With every epidemic there is likely to be a peak—a period of exponential growth, climaxing in a peak and then a slowdown. Your goal should be to get exposed after the peak period. During the peak, medical supplies will be stretched very thin and hospitals may be overflowing. After the peak, medical professionals have a lot of experience dealing with the disease and we will know the landscape of outcomes and treatments. As long as the medical systems are not destroyed by the virus, that may be the best time to get it.
I modeled a logistic growth equations for a population of 7 million (bay area) and different estimates of the doubling rate I found in the literature—for a doubling rate of every 3 days, the peak seems to come after about 2 months from initial exposure. For a doubling rate of every 7 days, the peak comes about 4 months after initial exposure. Since the virus has likely been circulating for several weeks already, we can predict the peak in the bay area is 1-3 months out. How it actually plays out will vary a lot based on containment measures, public events, lifestyle of the populace, etc.
This is all extremely speculative but gives me a goal to shoot for—before I was trying to figure out what is the goal of quarantine for myself, if I was ever going to rejoin society. Now I have a model for why I should avoid getting it.
Instead of a single peak moment, we want to think about “the time period during which medical supplies and services are overwhelmed with demand”. And that starts, in my rough estimation, the moment all the hospital beds are full.

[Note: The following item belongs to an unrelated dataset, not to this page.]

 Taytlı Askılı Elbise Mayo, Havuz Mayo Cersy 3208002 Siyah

In the US, we have 3 hospital beds for every 1000 people, and 2 of them are occupied on average. So we’re going to start having problems once 1 in 1000 people want to go to the hospital for coronavirus, which corresponds to an infection rate around 1%.
So that pushes the moment of great worry forward by quite a bit!

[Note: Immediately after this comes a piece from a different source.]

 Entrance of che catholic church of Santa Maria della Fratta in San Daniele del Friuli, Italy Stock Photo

On the other side, it’s hard to predict when supply will again overtake demand. Maybe governmental intervention comes through on a massive scale, maybe mass quarantine works, maybe the weather warms up and transmission declines. But I’m worried it will take months for any of those to happen after the crisis times begin.
I would modify your advice to “2 weeks before all the hospital beds are full (in your local region)”, because 2 weeks is roughly the lag time between exposure and needing hospitalization (I think?). With exponential growth @ 5day doubling time, you really want to not catch it when 0.01%ish of the local population is hospitalized [assuming per-capita hospital beds in your region is typical of the USA]. My region has ~7M people, so I would be thinking about upping my social-isolation game when 700 people in my region are in the hospital, or something vaguely like that. Probably adjust that down quite a bit for uncertainty in the input parameters, and for not all cases being diagnosed (even in the hospital). Adjust down even more if lots of hospital staff are likely to get sick or quarantined because they’re not taking appropriate precautions, which seems probable at the moment.
Why do you believe that about the number of hospital beds? This seems like an important number to have, I wasn’t sure of it myself.
Hospital beds per 1000 people - some world data
As leggi said, the USA has about 3 hospital beds per 1000 people, and utilization is about 67%.
As for why it’s a good proxy… I couldn’t think of a better one that’s simple and objective. Can you?